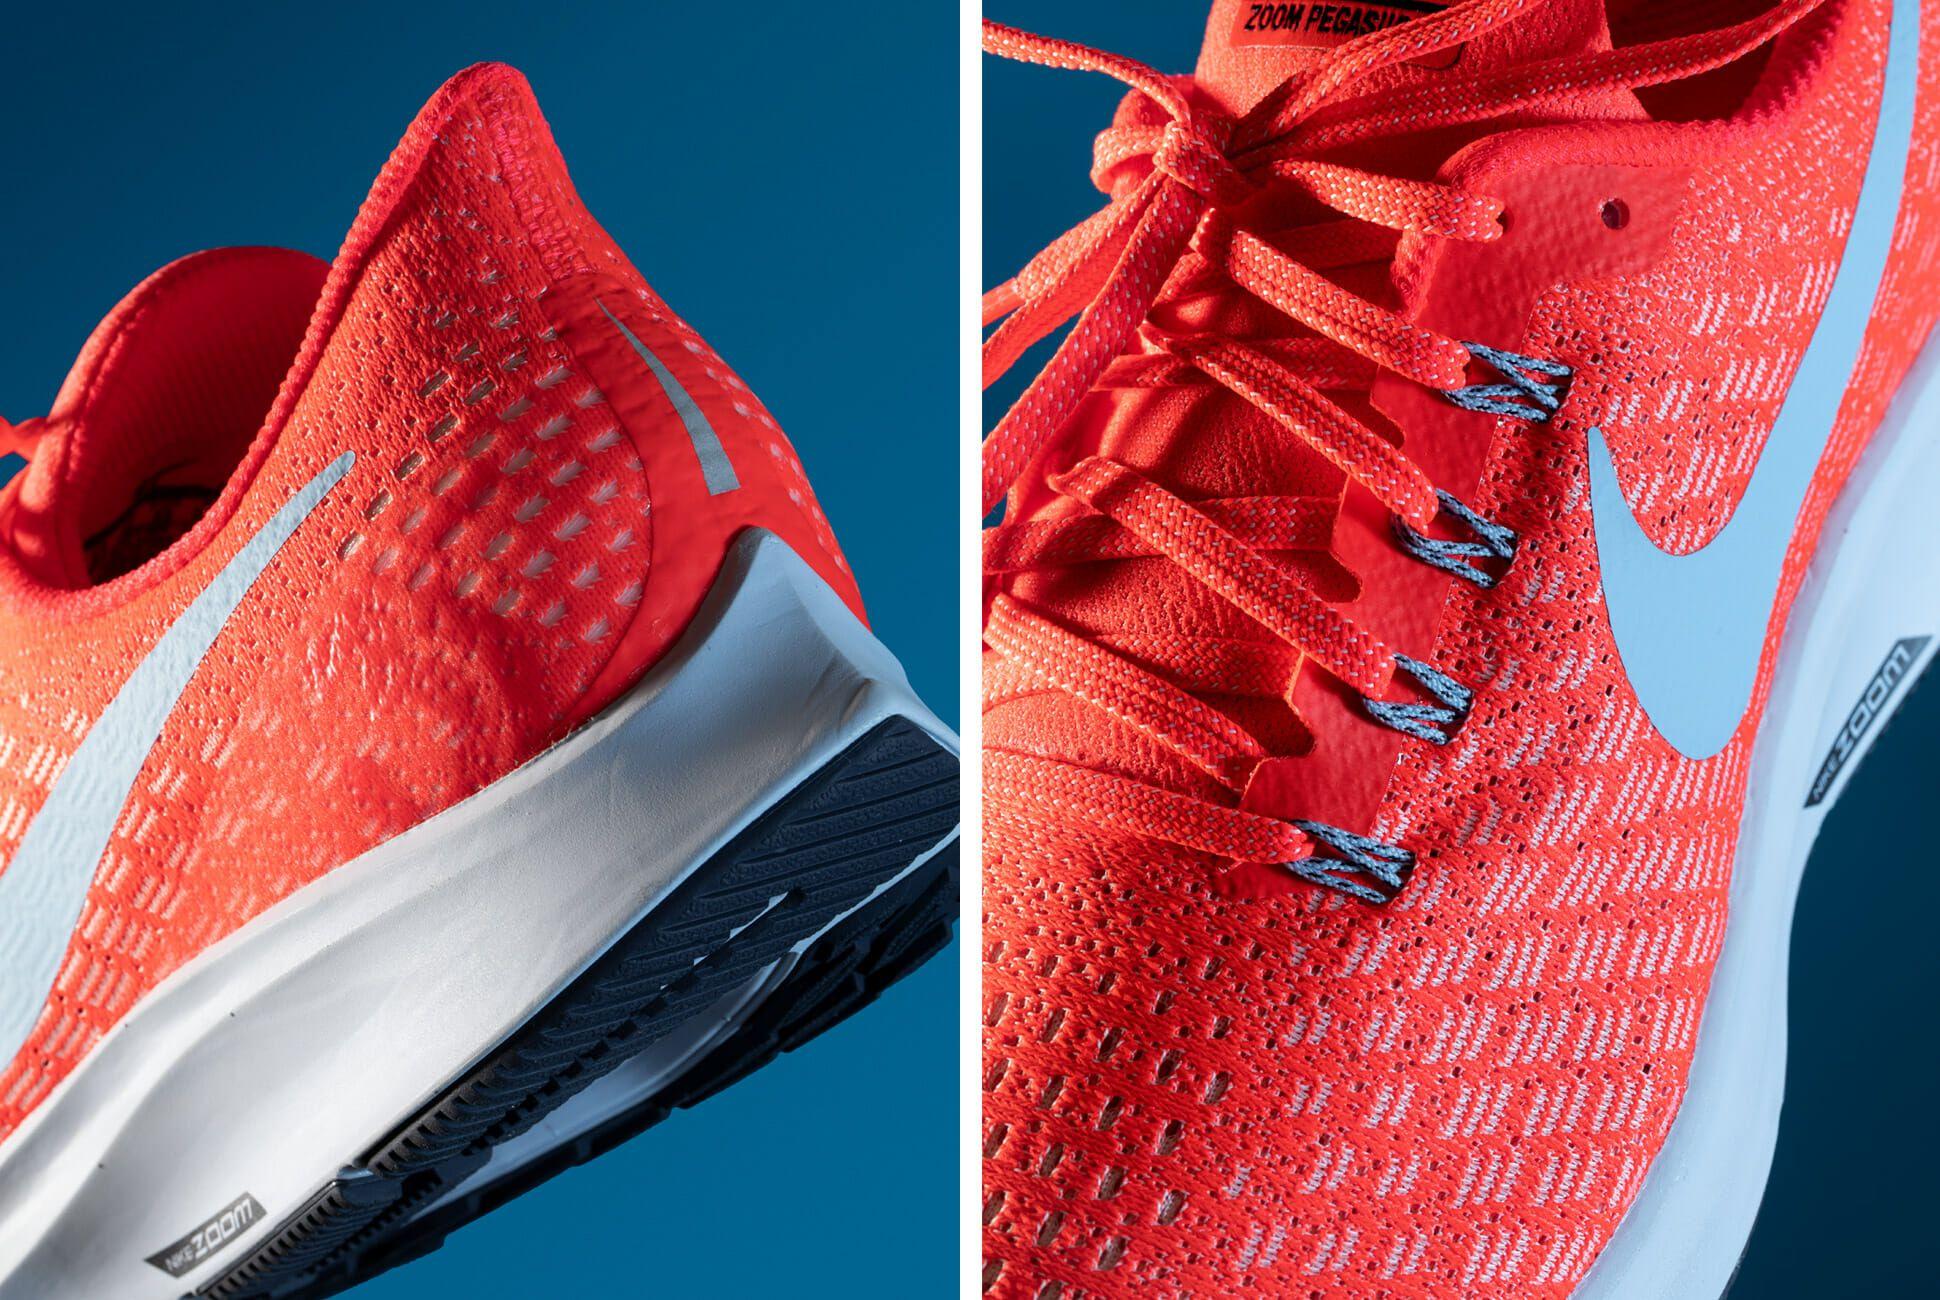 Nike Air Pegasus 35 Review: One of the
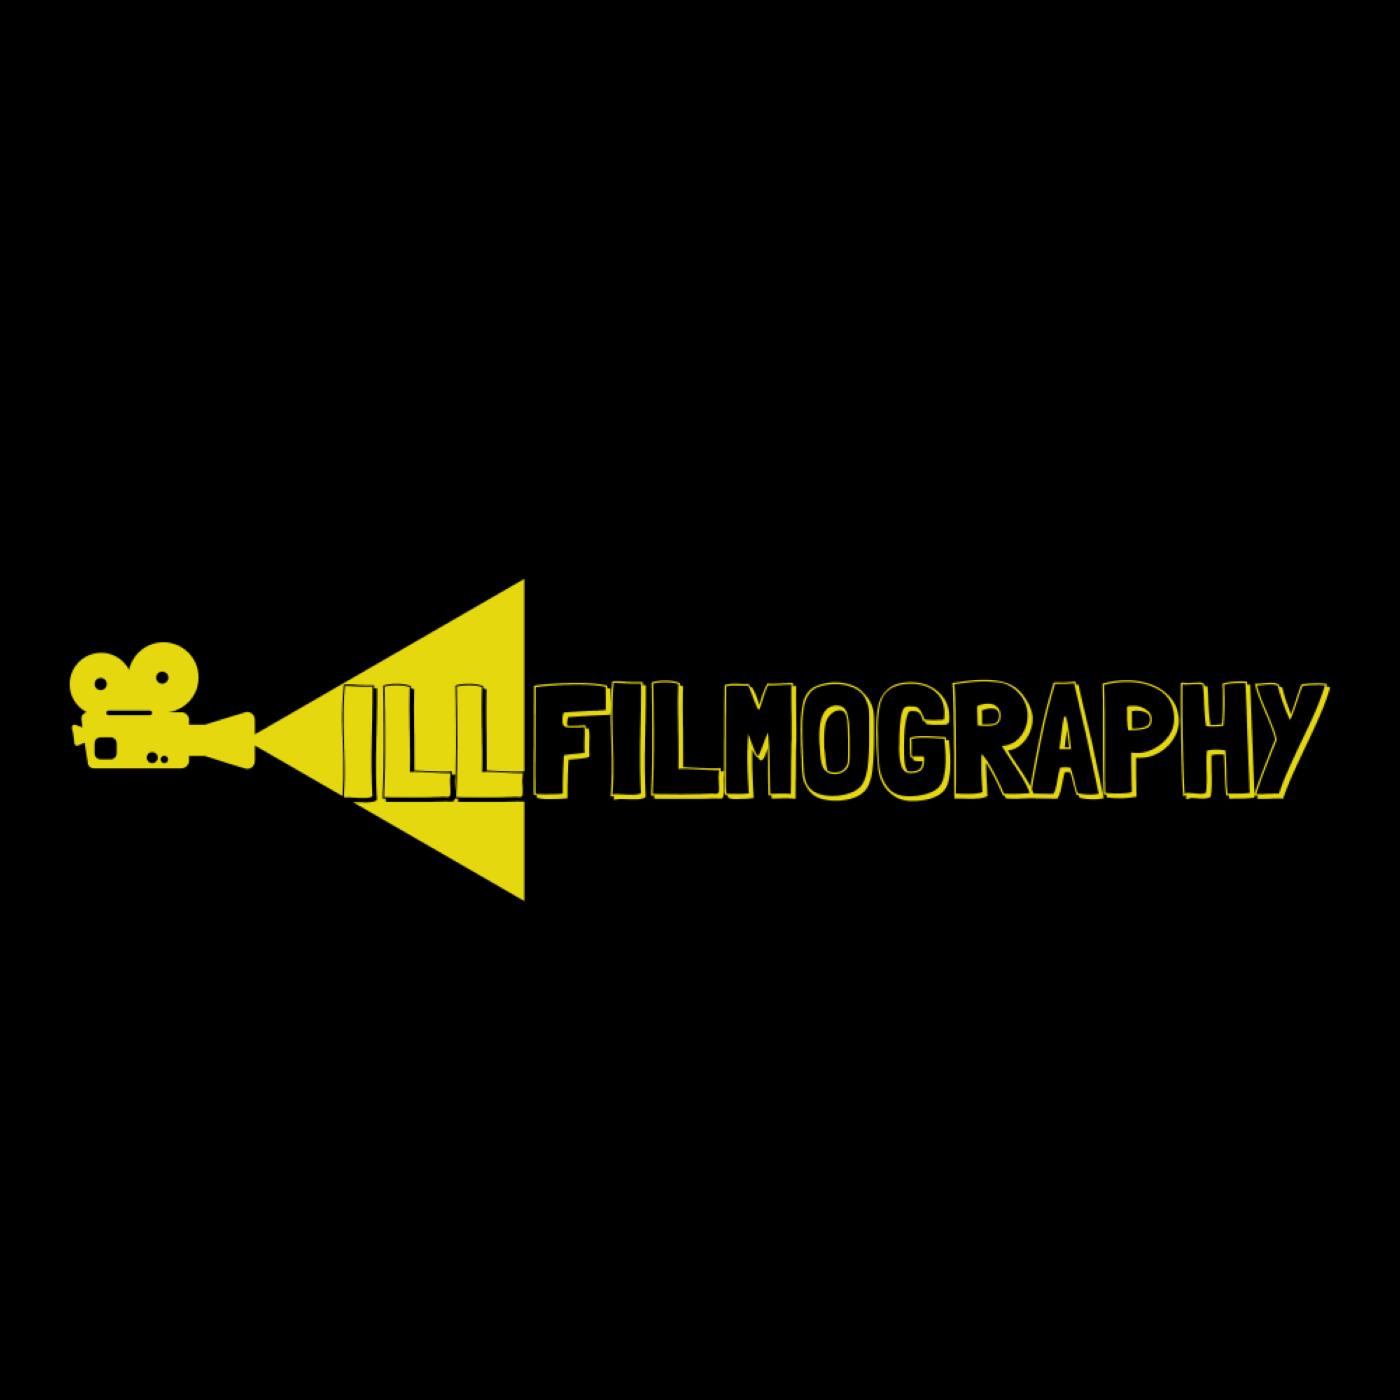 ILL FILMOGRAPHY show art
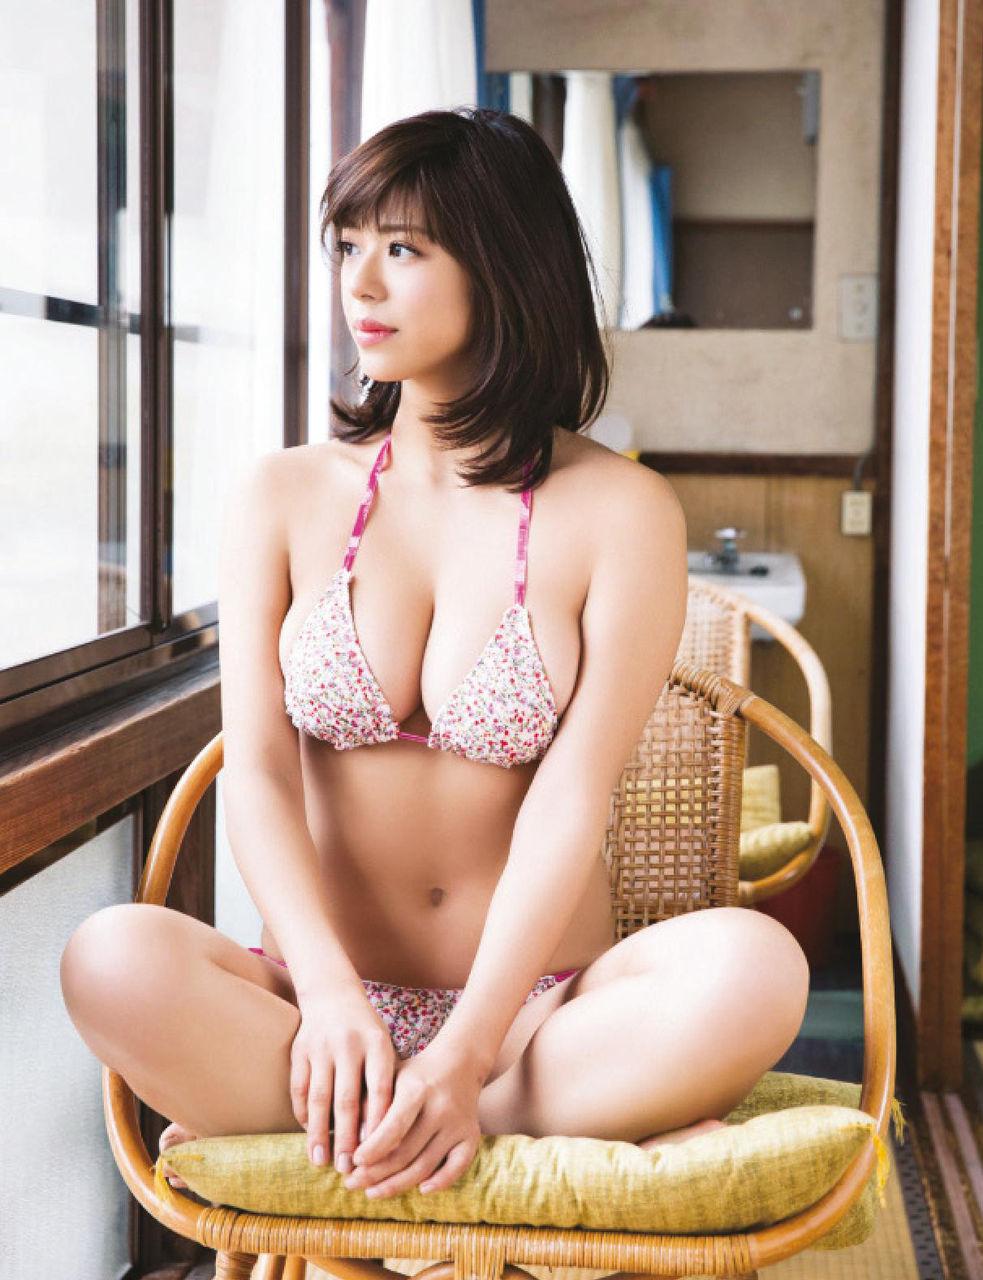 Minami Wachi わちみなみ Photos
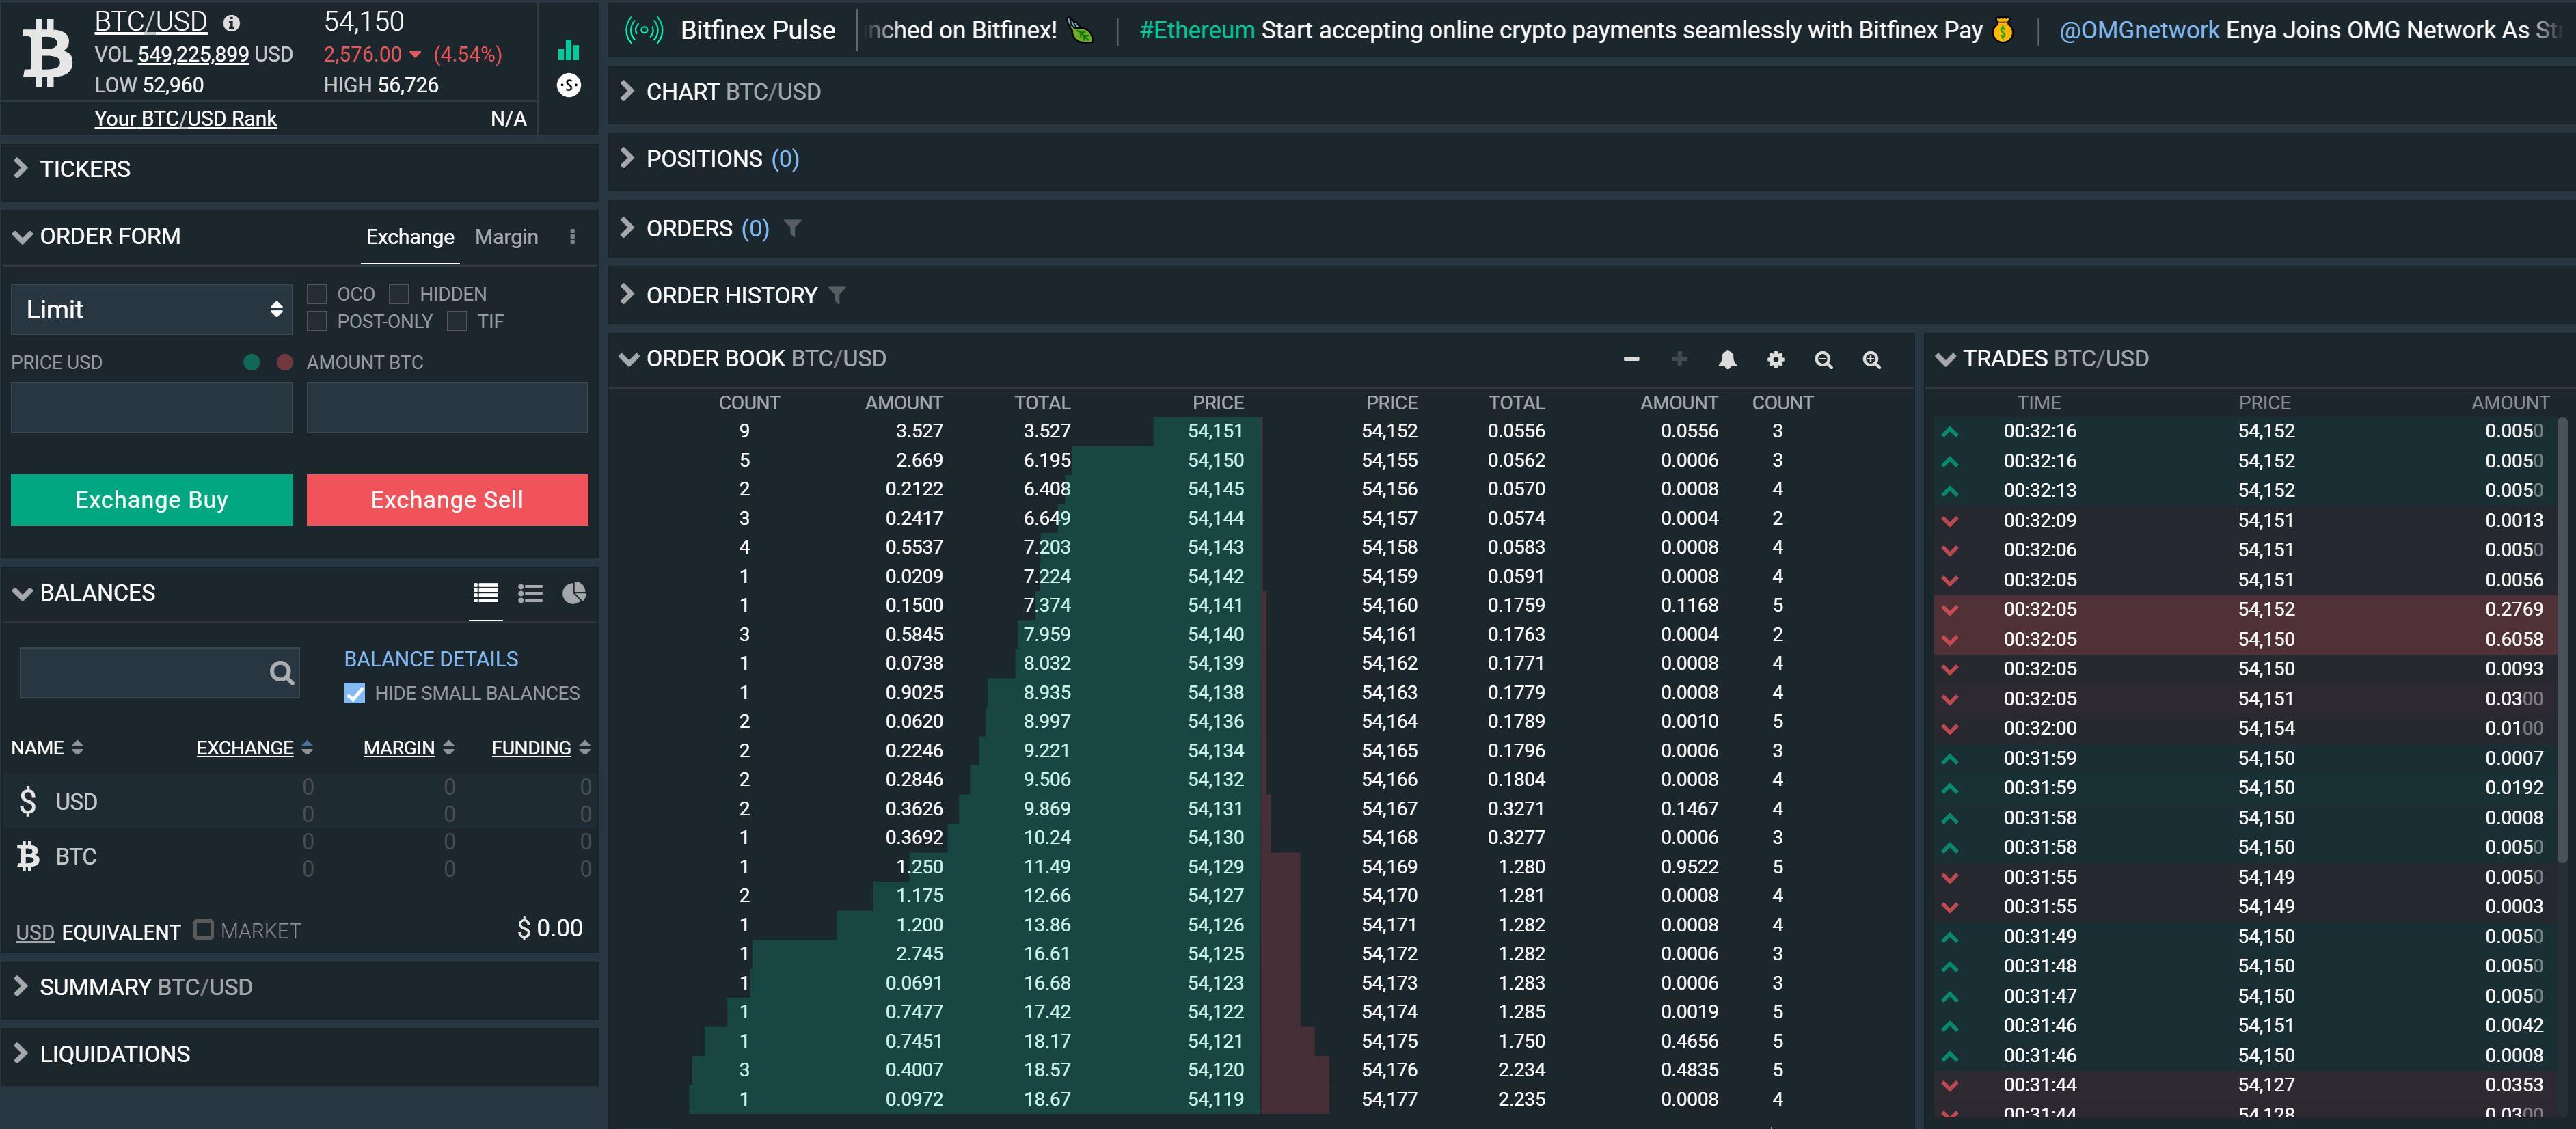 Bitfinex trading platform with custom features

- [WORK INSTRUCTIONS]
Repeat the line containing "ILL FILMOGRAPHY show art" and every line after it up to the end of the material above, exactly as they stand, minus the pictures.

- [RESPONSE AREA]
 ILL FILMOGRAPHY show art
 Minami Wachi わちみなみ Photos
 Bitfinex trading platform with custom features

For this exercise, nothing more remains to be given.